Added by Bryan Cosca over 4 years ago. Updated over 4 years ago.

Status:
Resolved
Priority:
Normal
Assigned To:
Radhika Chippada
Category:
Workbench
Target version:
Start date:
03/05/2015
Due date:
% Done:

100%

Estimated time:
(Total: 0.00 h)
Story points:
-

Description

collection uuid
foo.txt hash 123

add foo.txt hash 234 to collection uuid

Currently this fails, is there a way to change this in a way that the file gets added but maybe the name gets changed? This came up in a customer meeting.


Subtasks

Task #5386: Review branch: 5145-combine-collections-repeated-filenamesResolvedPeter Amstutz

Associated revisions

Revision 00c9cd4e
Added by Radhika Chippada over 4 years ago

closes #5145
Merge branch '5145-combine-collections-repeated-filenames'

Revision 593e8c87
Added by Radhika Chippada over 4 years ago

refs #5145
Merge branch '5145-combine-collections-repeated-filenames'

Revision 20f3649b (diff)
Added by Peter Amstutz over 4 years ago

Fix arv-normalize regression. refs #5145 refs #4823

History

#1 Updated by Brett Smith over 4 years ago

Bryan,

Can you please explain the original bug/failure in more detail? Specifically, I'd like to know what tool you used to try to add the second file to the existing collection. The Workbench uploader has code to dynamically rename new files.

#2 Updated by Brett Smith over 4 years ago

  • Target version set to Bug Triage

#3 Updated by Bryan Cosca over 4 years ago

so in here: qr1hi-j7d0g-0x4b08b68zanwxh
I have new collection and new collection (2)
I have foo.txt in each of them (one has text bar and the other foo)
I then combine the collections together and I got the collection qr1hi-4zz18-020vo4bxoc3vo1b which shows foo.txt concatenated with both of the original foo.txt (barfoo)
I think these should be two separate items.

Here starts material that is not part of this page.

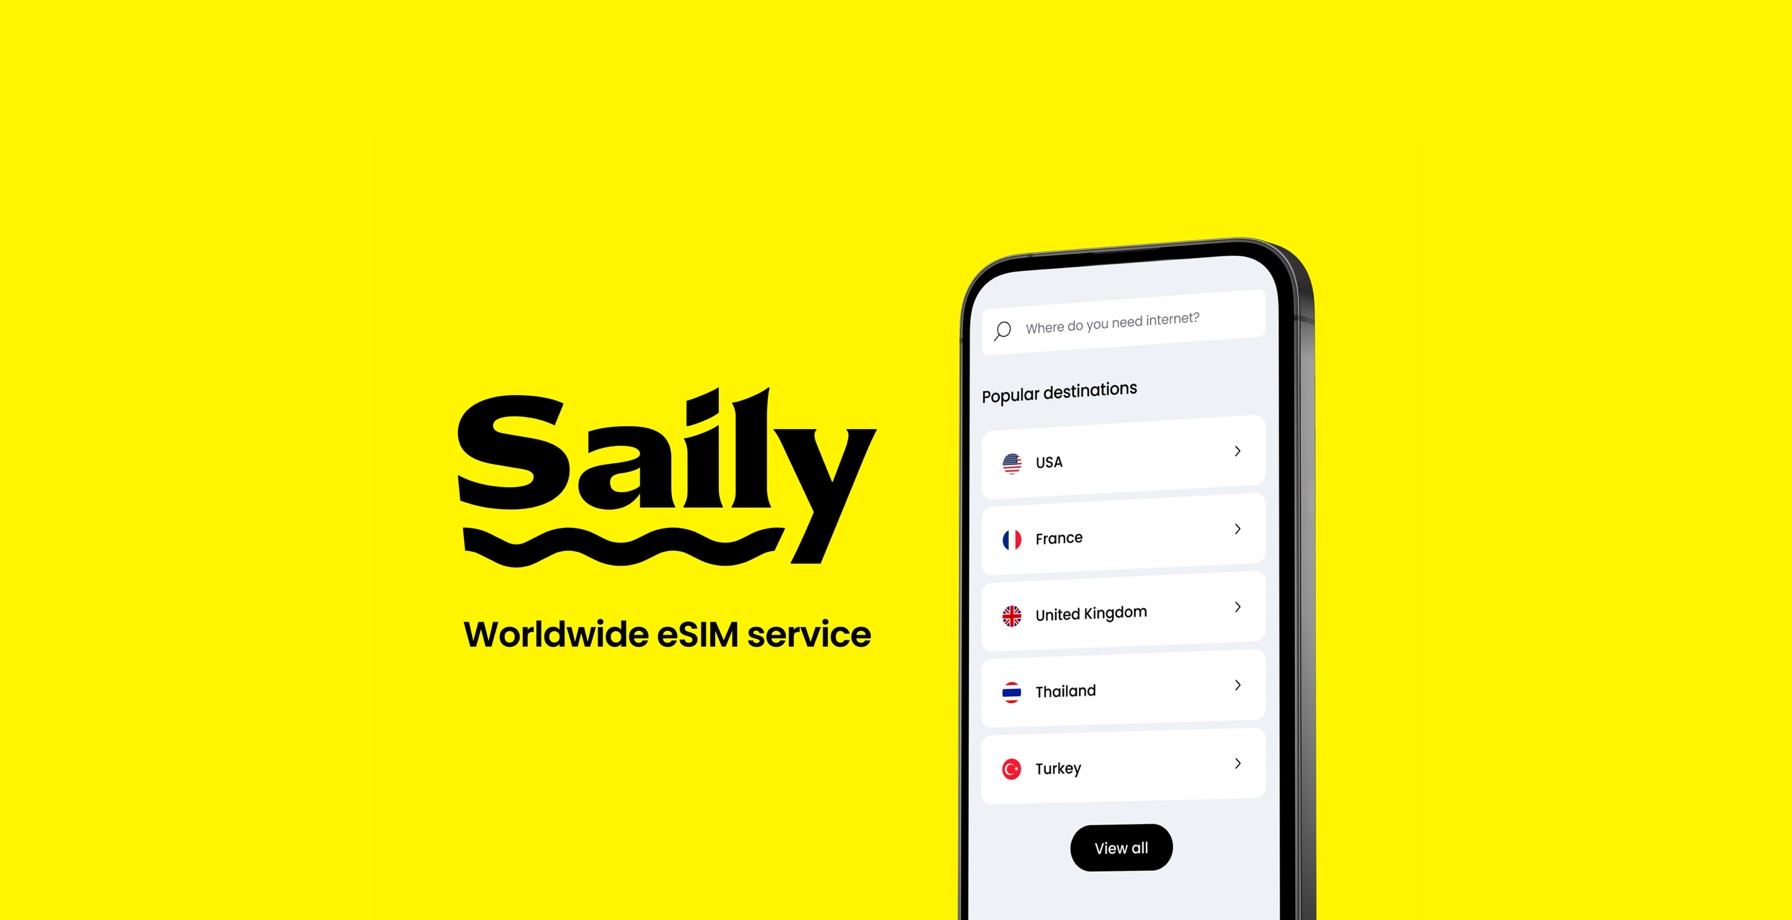 avec Saily, vous pouvez naviguer partout dans le monde

#4 Updated by Brett Smith over 4 years ago

  • Subject changed from Adding a file to a collection with the same name as a file in a collection to [Workbench] Combining collections should separate files with identical names, not concatenate them
  • Category set to Workbench

#5 Updated by Radhika Chippada over 4 years ago

There are two distinct scenarios here.

  • Scenario 1: Two files from two different directories of a Collection are combined. The files have same name and same content. Currently, this results in error: the new collection will have one file with that name whose contents are file1 contents + file2 contents (basically two copies of the same content). I think in this case, we can include just one copy of the file.
  • Scenario 2: Two files from two different directories of a Collection are combined. The files have same name but different content. In this case, this results in error: the new collection will have one file with that name whose contents are file1 contents + file2 contents. How do we want resolve this scenario?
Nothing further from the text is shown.